INFORMATION GIVEN:
::::::::

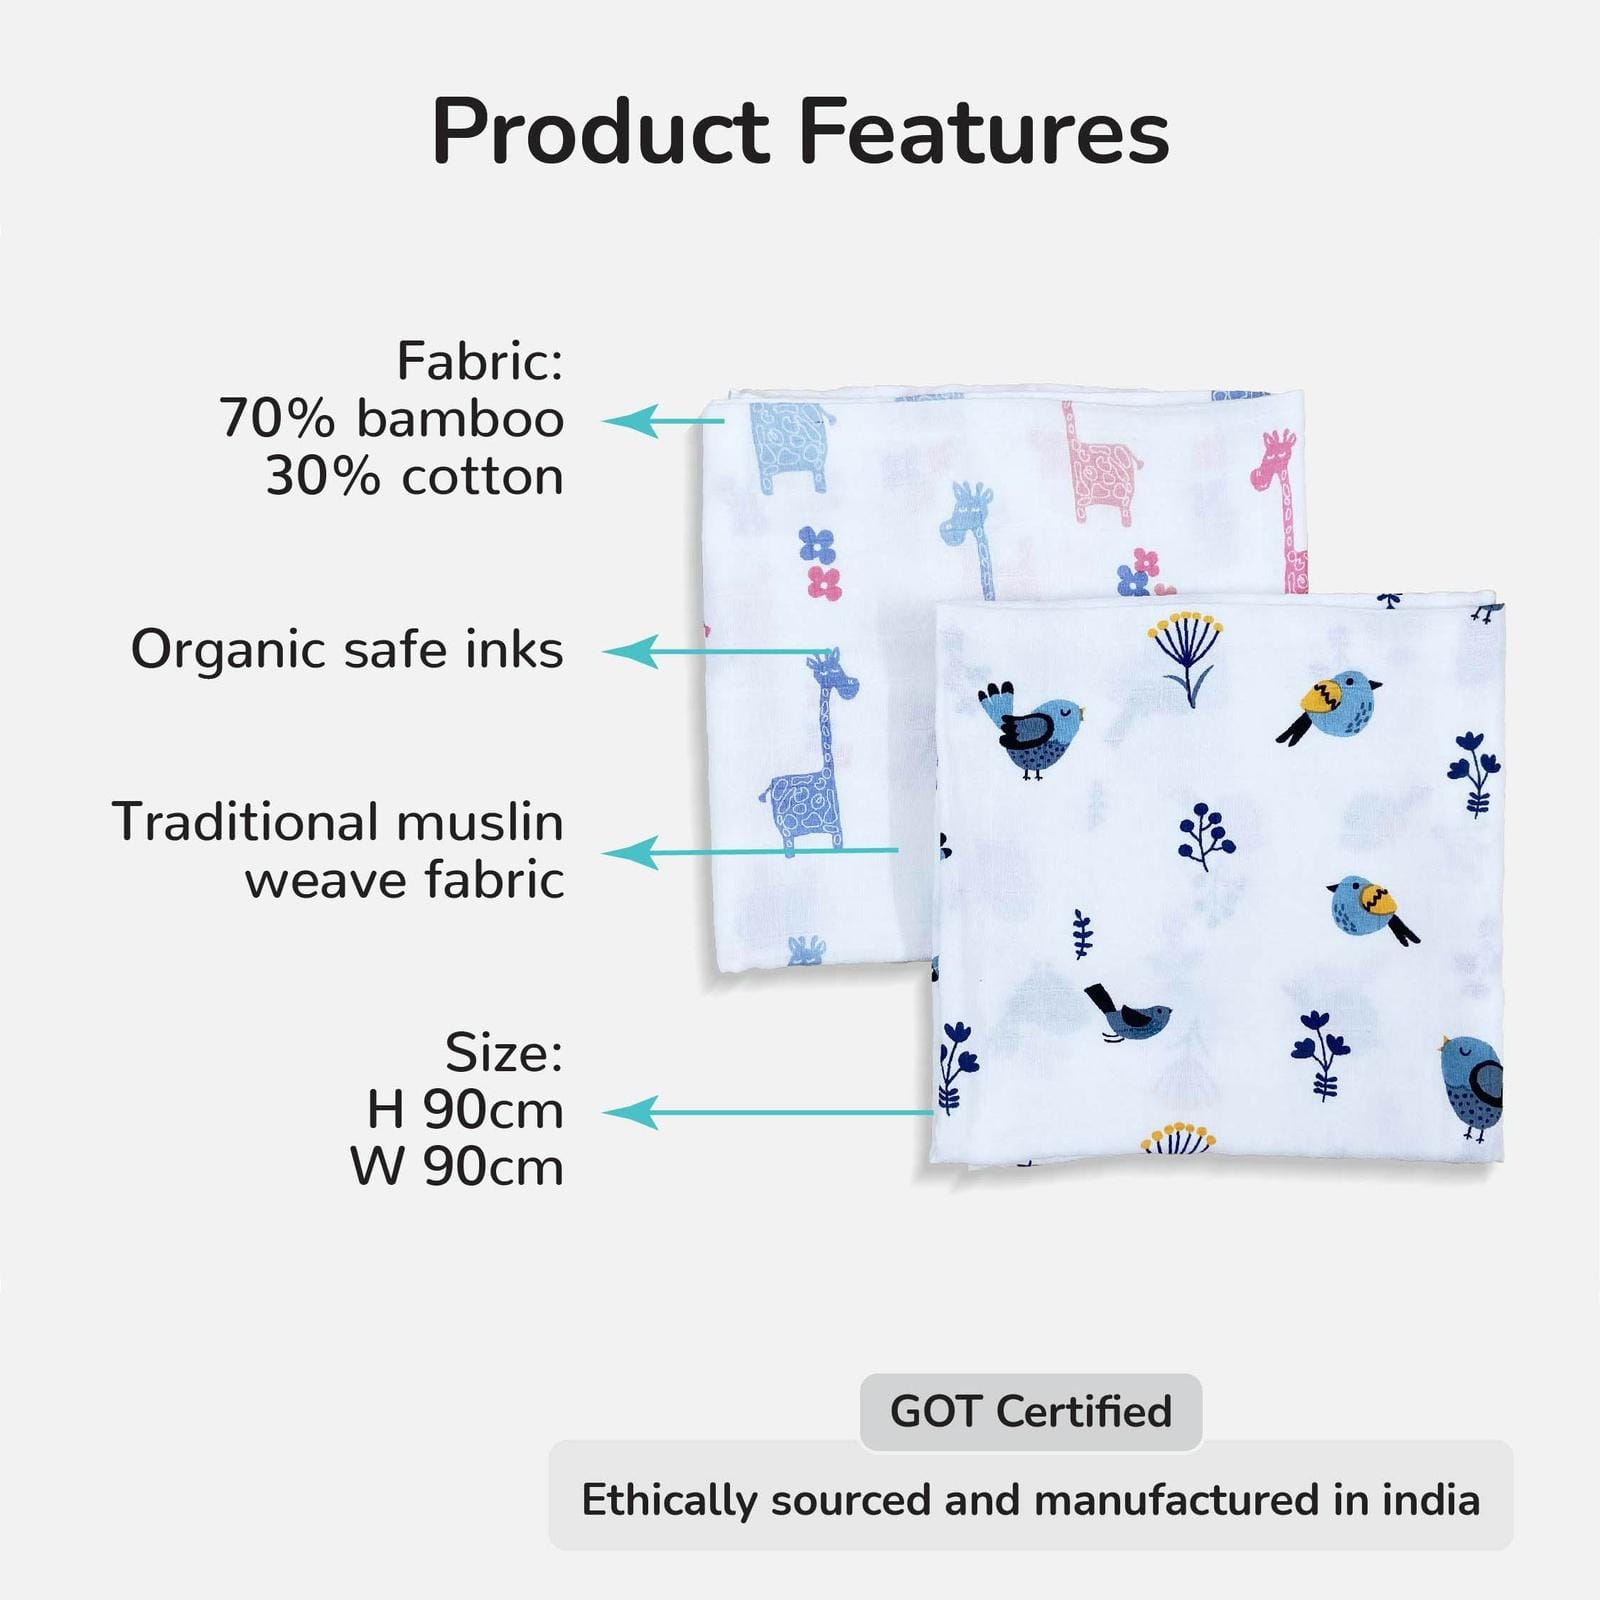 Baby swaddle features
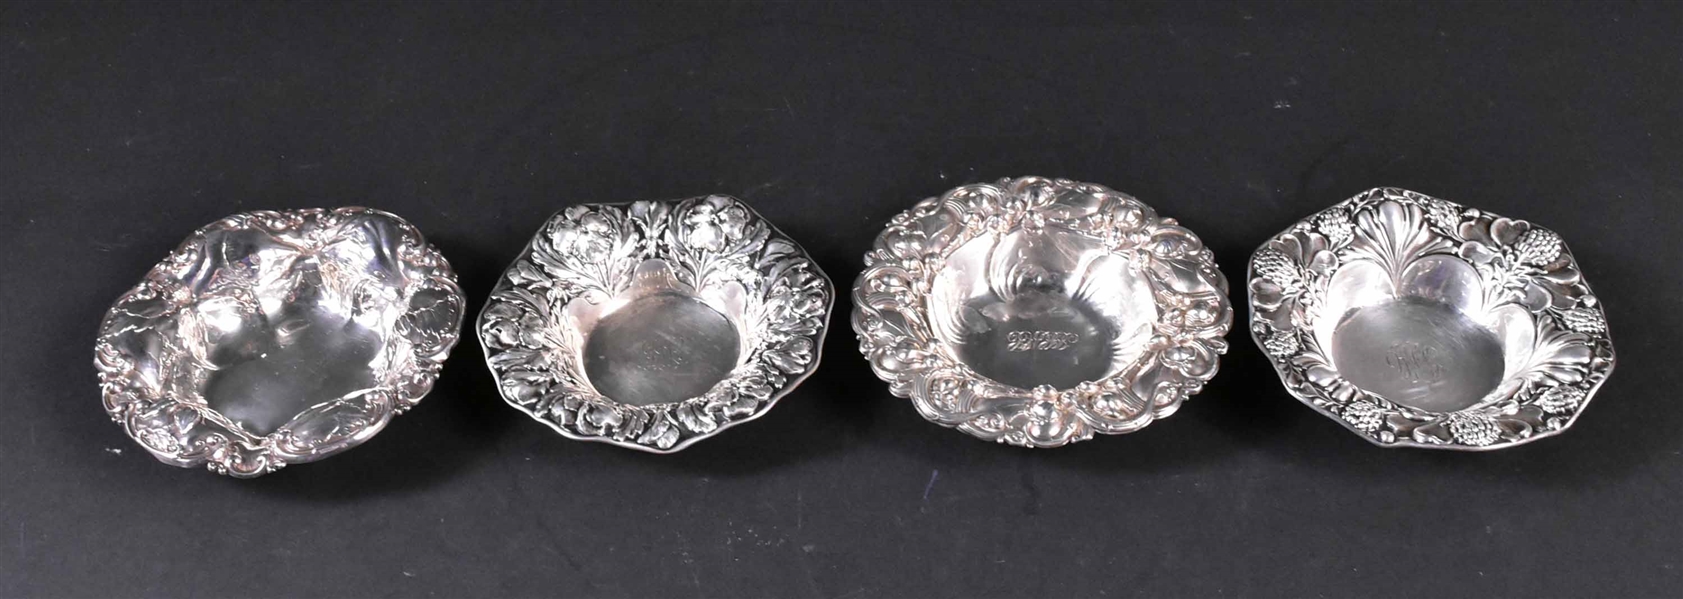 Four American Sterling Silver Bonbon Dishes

::::::::

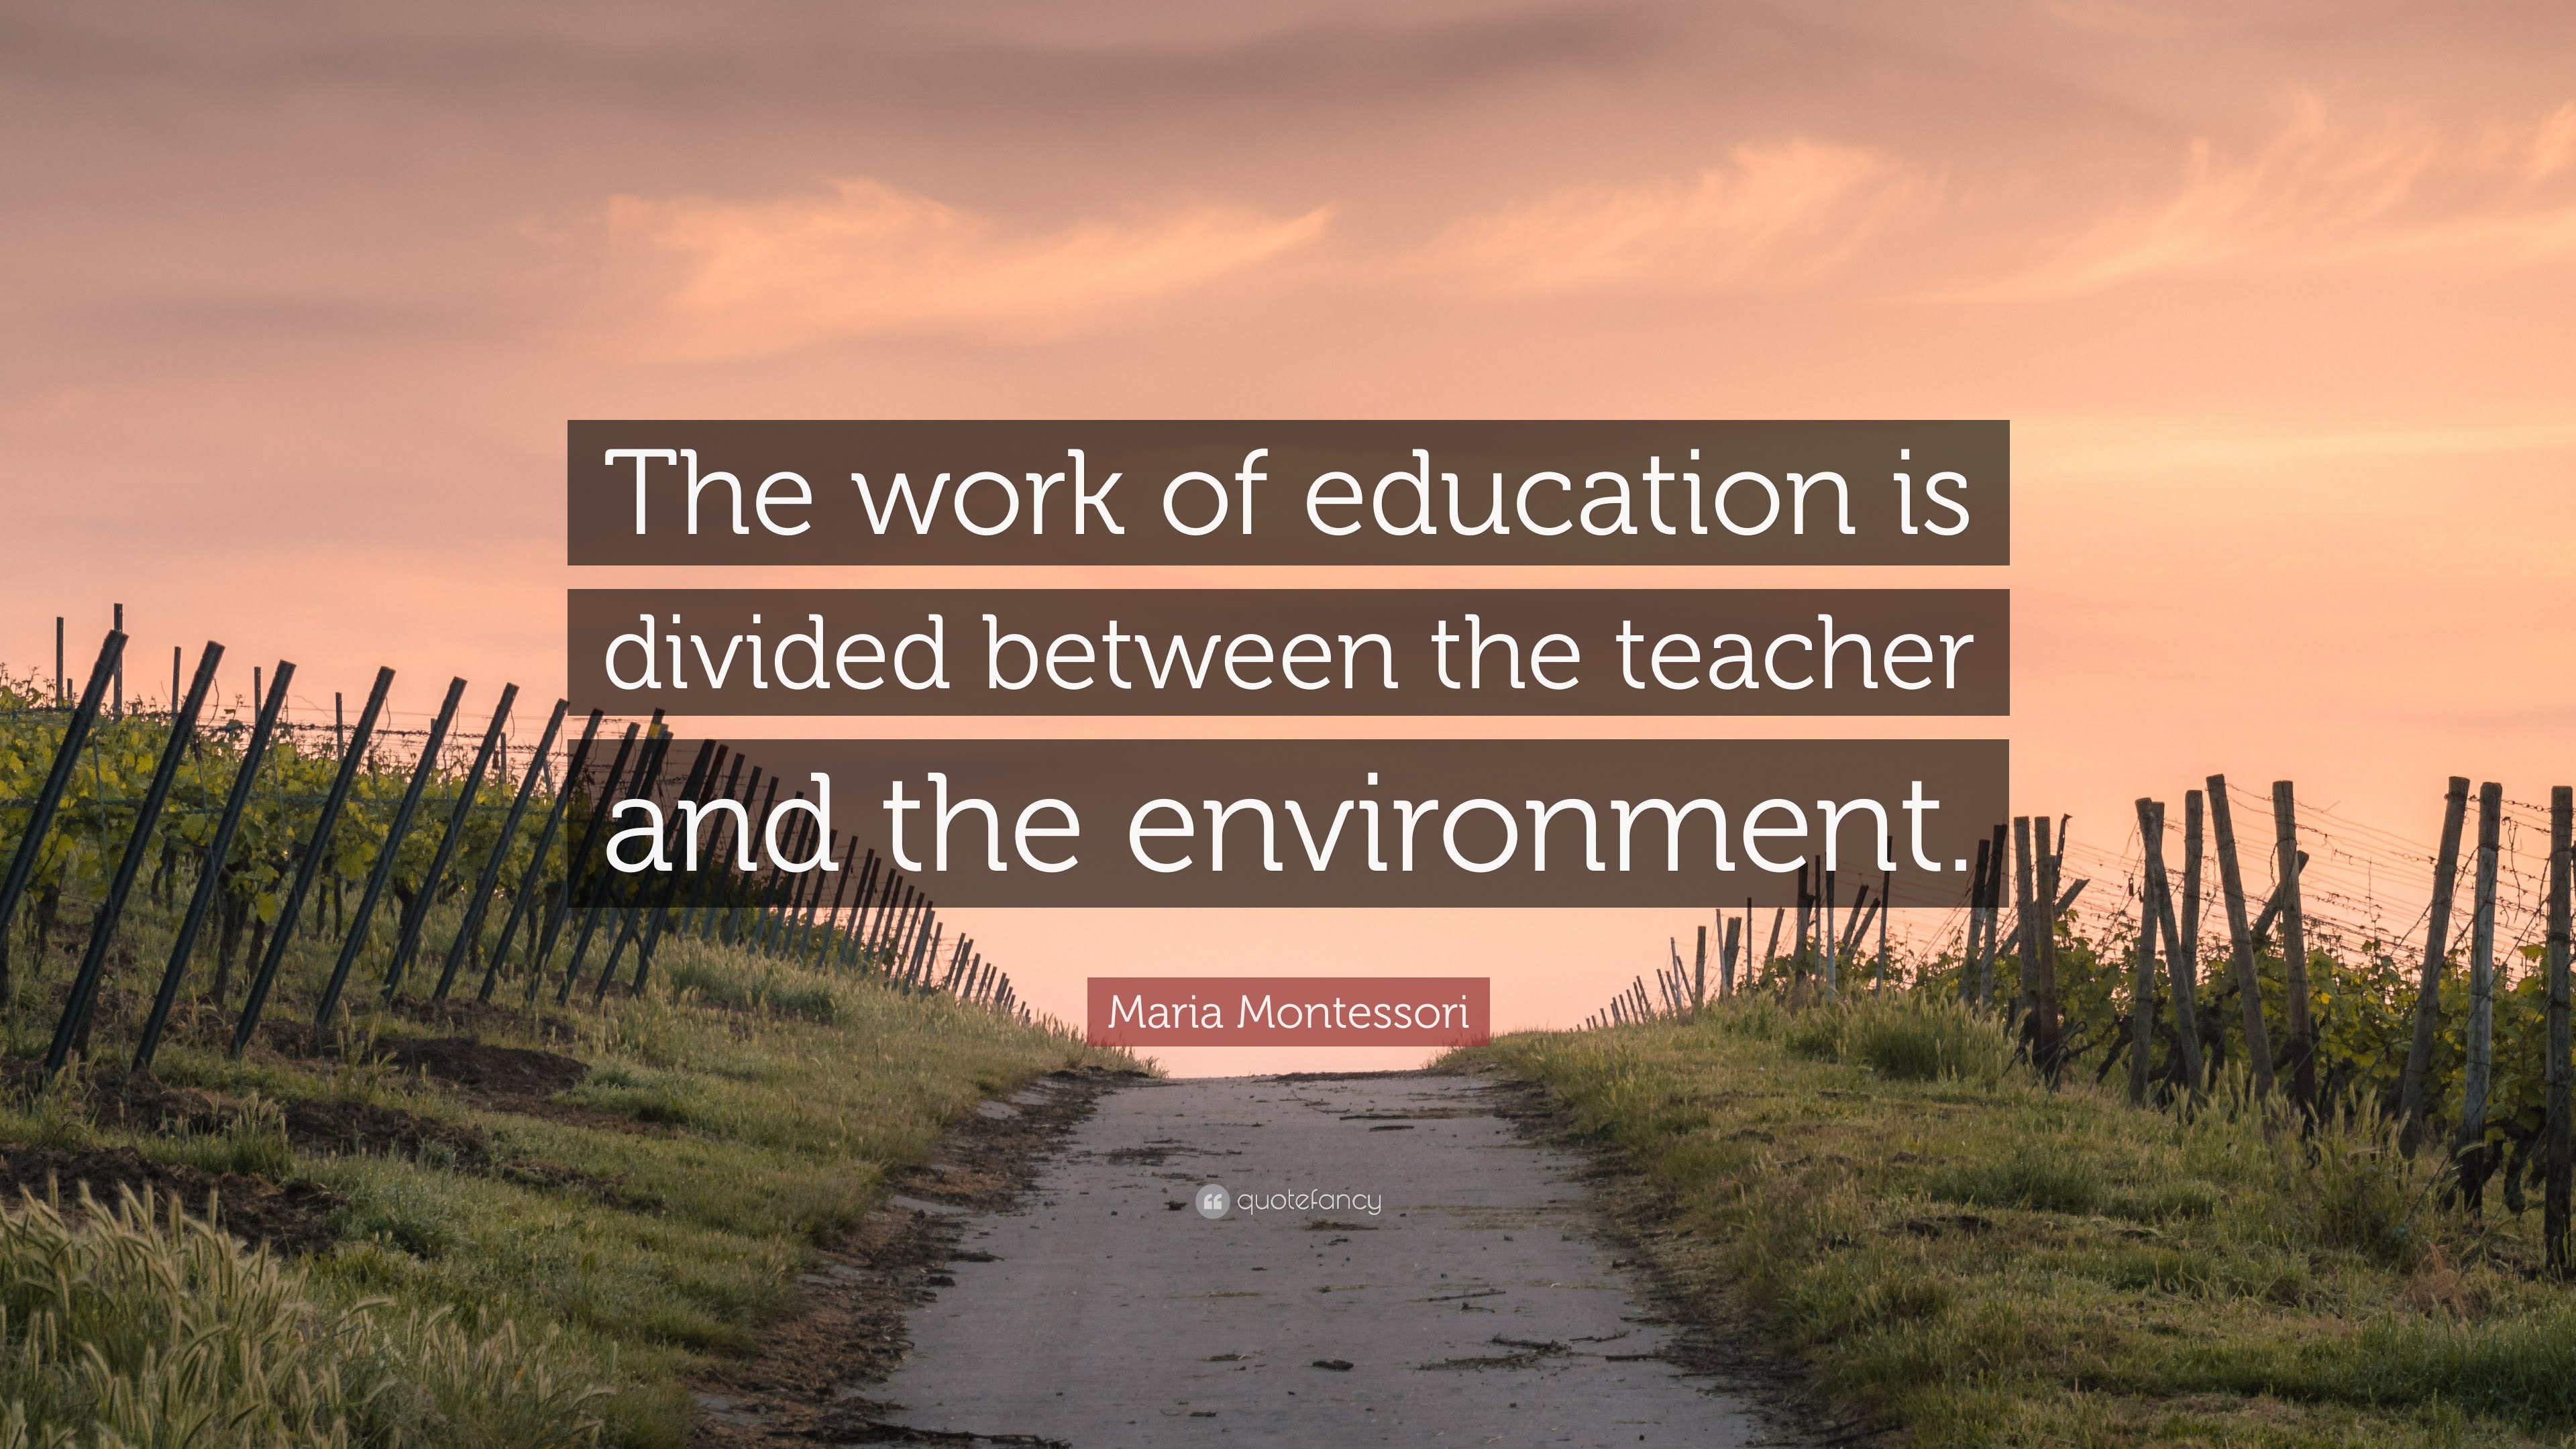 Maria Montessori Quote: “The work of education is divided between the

::::::::

Leaving pictures out, output the lines of the data above from the one with "Baby swaddle features" through the one with "Four American Sterling Silver Bonbon Dishes", word for word.

 Baby swaddle features
 Four American Sterling Silver Bonbon Dishes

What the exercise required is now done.